Ultimately, human ingenuity and perseverance spurred some astounding breakthroughs towards a cleaner, brighter future. These milestones aren’t mere silver linings, but are major steps towards solving humanity’s greatest challenges and holistically improving our quality of life. Sustainability isn’t just about the environment; it transcends social, economical, and cultural levels. 
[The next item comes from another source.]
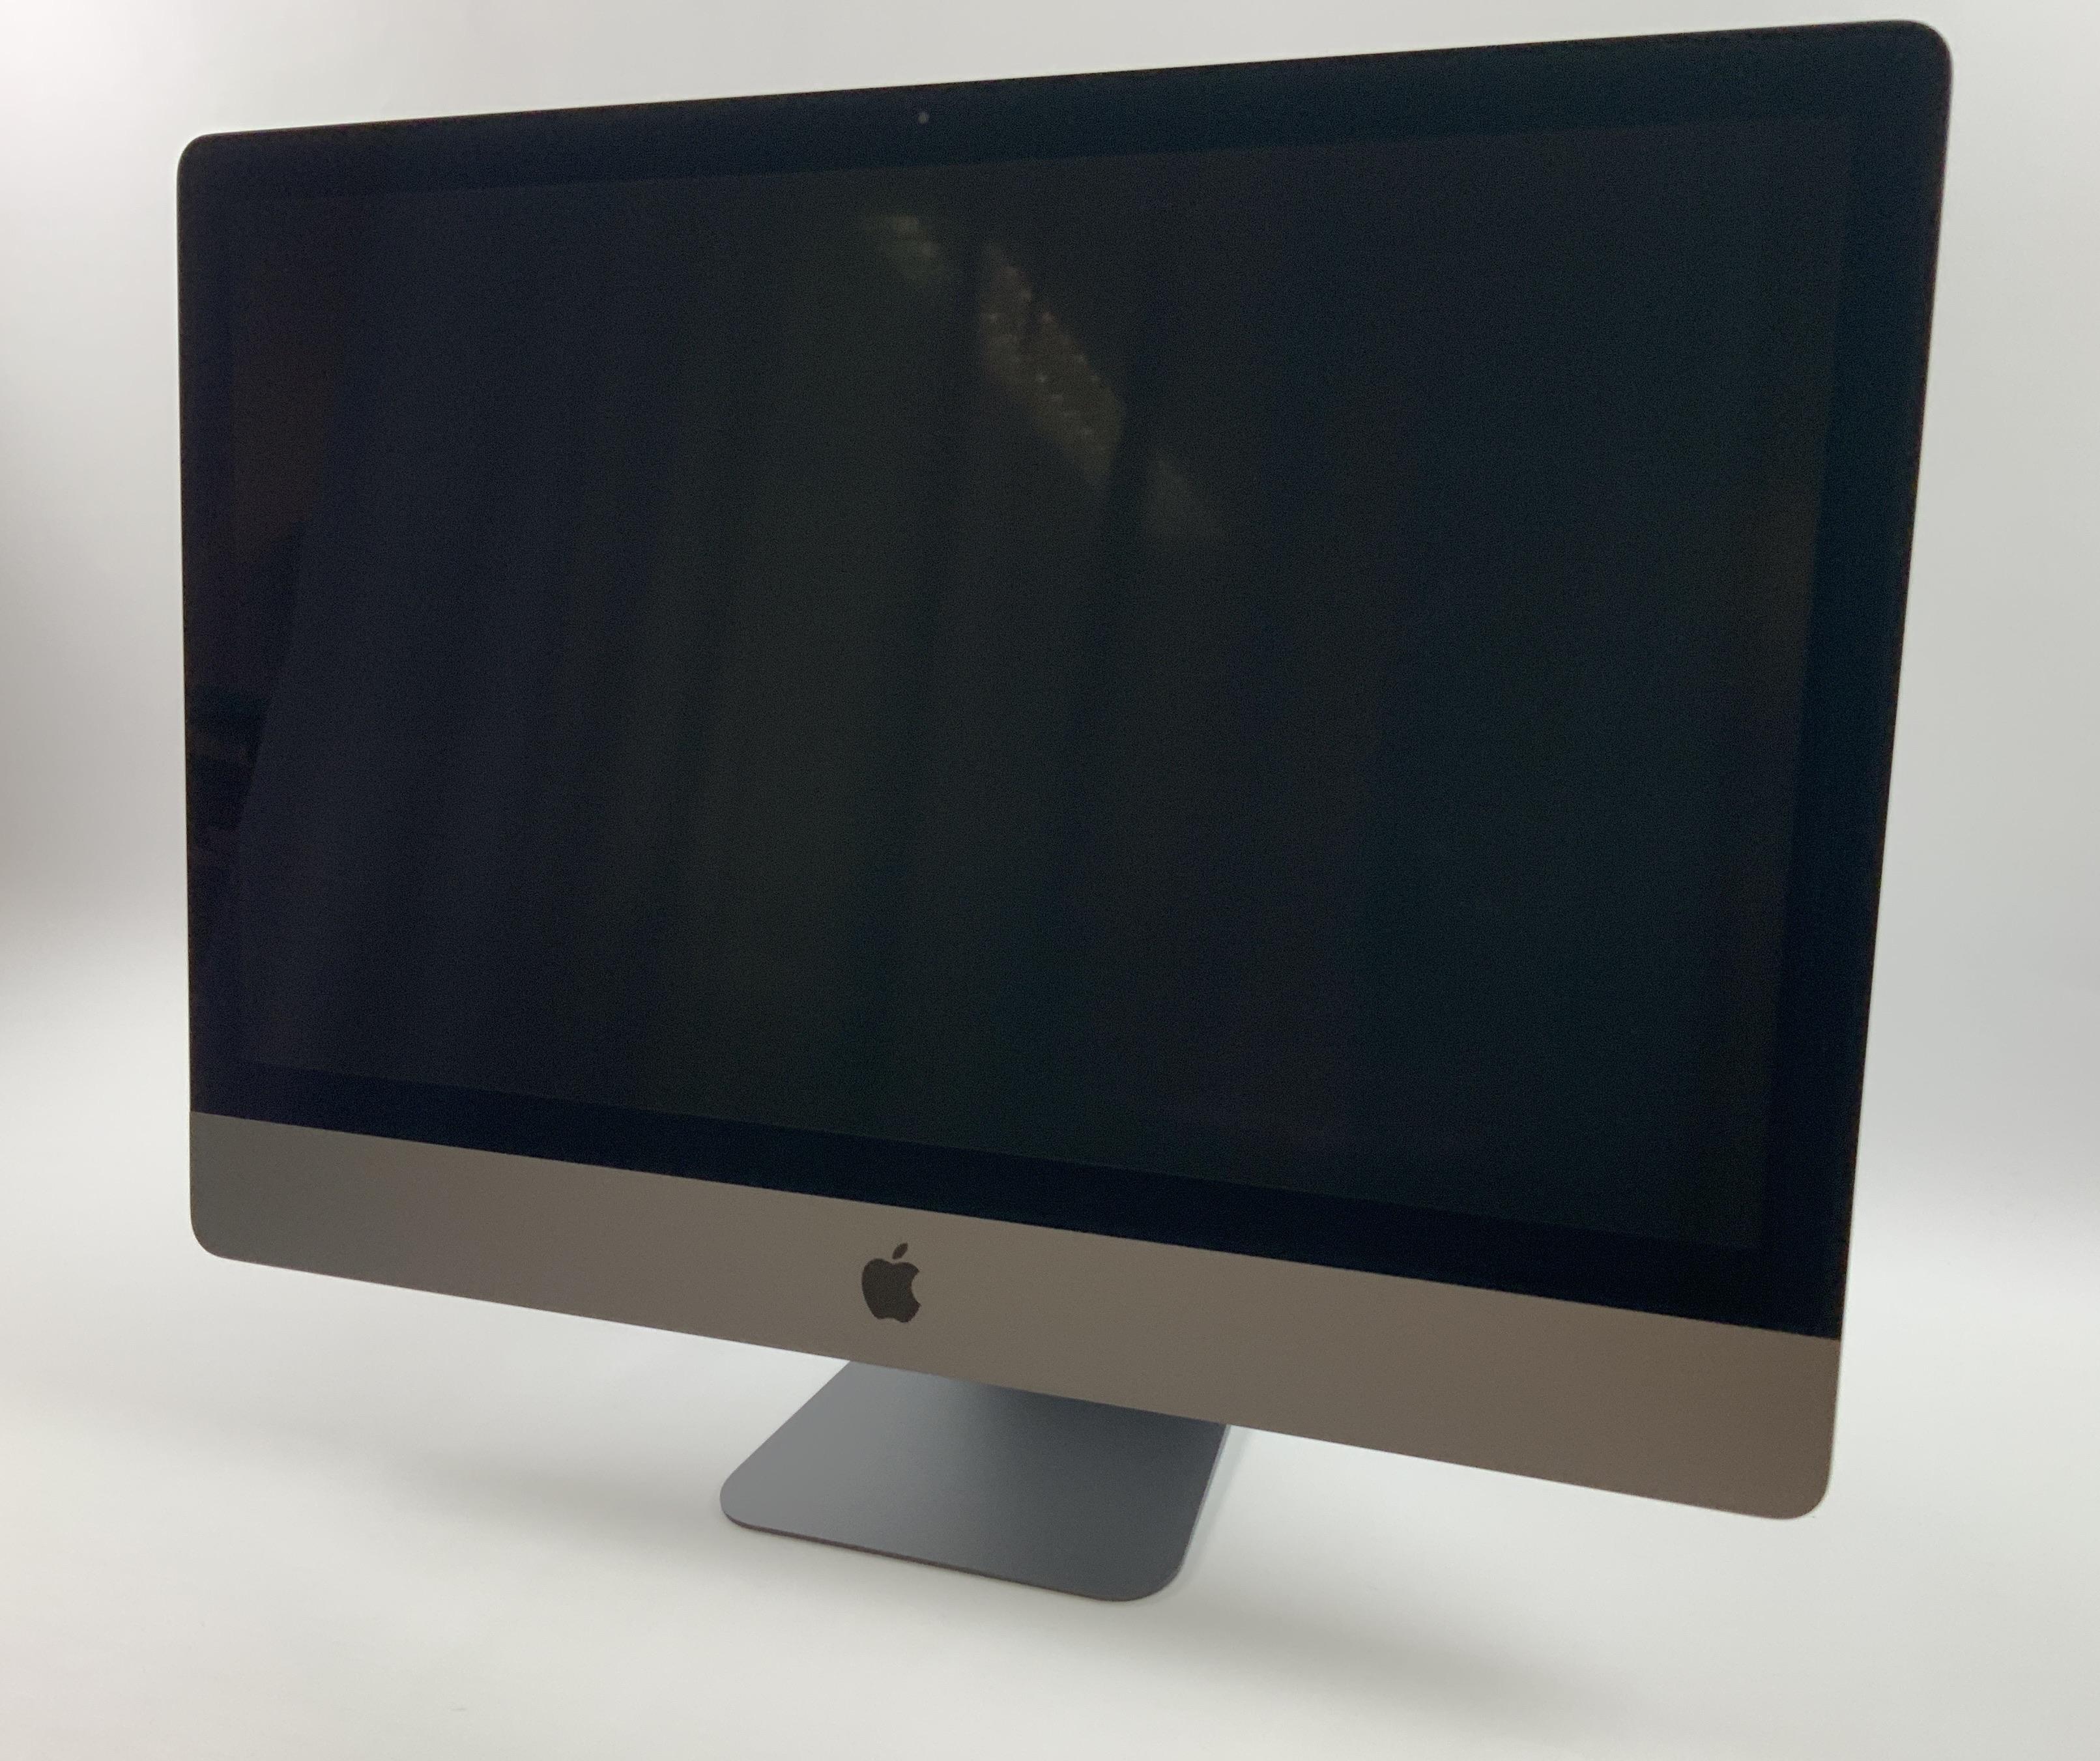 iMac Pro 2017 (Intel 8-Core Xeon W 3.2 GHz 256 GB RAM 1 TB SSD), Intel 8-Core Xeon W 3.2 GHz, 256 GB RAM, 1 TB SSD, Kuva 1

2020 was a year of revelation and awakening within the fashion industry, with many taking initiative, finding communities, and setting the stage for significant change despite a challenging year. Last year confirms our resilience and reminds us that we can bring positive changes in the world despite our circumstances. It is high time that sustainability becomes more than just a marketing tool, but encompasses an integral part of society and the economy.



2022

The dawn of the year 2022 saw a remarkable rise in the adoption of leather alternatives across the fashion world, led by industry pioneers like Polybion and Piñatex. As environmental awareness grew, a wave of innovators and industry leaders introduced a variety of sustainable materials that could effectively replace traditional leather in fashion products.

These innovative materials, rooted in eco-conscious principles, offered reduced environmental impacts, minimized waste, and lower greenhouse gas emissions. They granted designers unprecedented creative freedom through precise customization while ensuring unwavering consistency and quality, setting a new standard for environmentally-conscious fashion and inspiring positive change in the industry.